Jean-Pierre-Charland: autopsie d’un crime de col blanc

Jean-Pierre Charland, Le bien d’autrui tu ne prendras
Jean-Pierre Charland, Le bien d’autrui tu ne prendras, roman, Montréal, Éditions Hurtubise, 2025, 416 pages, 27,95 $.
Partagez
Tweetez
Envoyez

Publié 04/06/2025 par Paul-François Sylvestre

Encouragé par plus d’un million de lecteurs au Canada et en Europe, Jean-Pierre-Charland puise de nouveau dans les Commandements de Dieu pour nous offrir Le bien d’autrui tu ne prendras, sixième enquête d’Eugène Dolan, inspecteur de police à Montréal en 1912.

Ce roman historique s’ajoute à Père et mère tu honoreras (2016), Un seul Dieu tu adoreras (2018), Impudique point ne seras (2019), Homicide point ne seras (2022) et L’œuvre de chair ne désireras (2023).

La justice avance lentement

L’inspecteur Dolan doit enquêter sur deux crimes, l’un impliquant un homme disparu et l’autre, plus compliqué, portant sur un détournement de fonds. Le romancier nous conduit dans les bas-fonds de la ville, d’une part, et dans le monde des affaires, des banquiers et d’autres gros bonnets pour qui la discrétion est une vertu cardinale, d’autre part.

Dans un cas comme dans l’autre, la justice avance prudemment, donc lentement, ce qui autorise Charland à noircir facilement 400 pages. Il nous montre Dolan qui, pour fouiller l’âme d’un suspect, a tantôt recours à une voix onctueuse, tantôt à une voix d’inquisiteur. Afin d’obtenir des informations essentielles, l’inspecteur n’hésite pas à interroger des mauvais garçons.

Anglos-Francos

L’enquête principale porte sur Henri Lamoureux, comptable à la Banque d’Hochelaga. Il est poursuivi pour fraude, pour avoir rédigé de faux chèques d’un gros montant, puis de les avoir encaissés dans une autre banque en se présentant sous une identité d’emprunt.

Publicité

Le romancier écrit: «Se faire voler par les Anglais, ça, tout le monde s’y attend. Mais par d’autres Canadiens français, c’est vécu comme une trahison.» Les relations entre francophones et anglophones sont subtilement auscultées dans Le bien d’autrui tu ne prendras.

Autre dichotomie: un fils de bonne famille peut purger trois ans dans la très moderne prison de Bordeaux après avoir volé 35 000 $; un autre, né dans un logement d’arrière-cour, peut y croupir pendant dix ans pour en avoir subtilisé 50 $.

La messe incontournable

Dans le Québec des années 1910, la messe est une obligation incontournable chaque dimanche matin. Henri Lamoureux sait que se soustraire à «ces simagrées ridicules» entraînerait «sa mise au ban de la société».

Quelques chapitres nous conduisent chez le bijoutier Birks.
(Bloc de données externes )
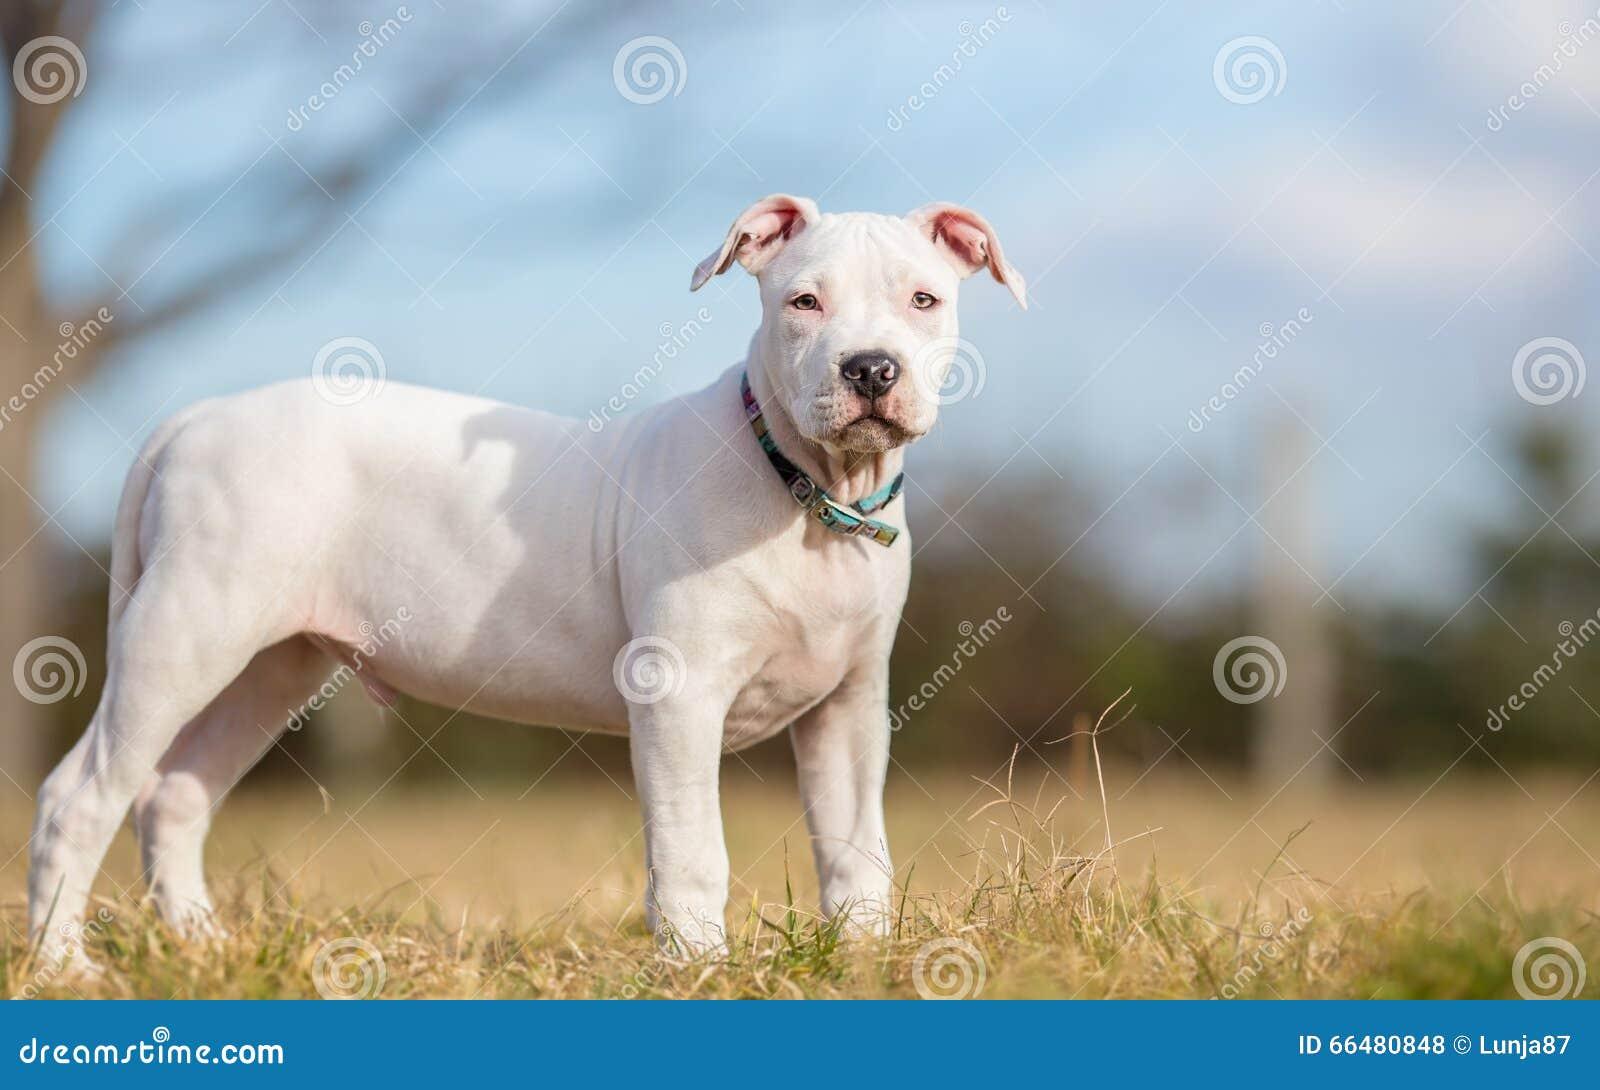 Daftar Harga White American Termurah 2018 Standard Seat Cover Mtc 0612 Pp Scv080610 P Staffordshire Terrier Www Pixshark

Ceci permet à l’auteur d’écrire que ces «maudits Anglais arrivaient sans trop se forcer à donner des complexes d’infériorité à n’importe quel Canadien français».

Dans ce roman, certains personnages portent des prénoms aujourd’hui fort inusités comme Achille, Perpétus, Rédempteur, Pacifique, Zéphire et Gabélius. On passe d’une vieille masure dans une ruelle plutôt infecte à un logis sale et délabré pour découvrir que «certains milieux ne peuvent produire autre chose que des criminels».

Publicité

Le Montréal de 1912

Il y a une référence à Ottawa, ville décrit comme un endroit où on meurt d’ennui à moins de se passionner pour la politique. Charland mentionne la nouvelle gare Union (1911), le poste de police de la rue Elgin et le marché By. En face, à Hull, il y l’usine de la E. B. Eddy.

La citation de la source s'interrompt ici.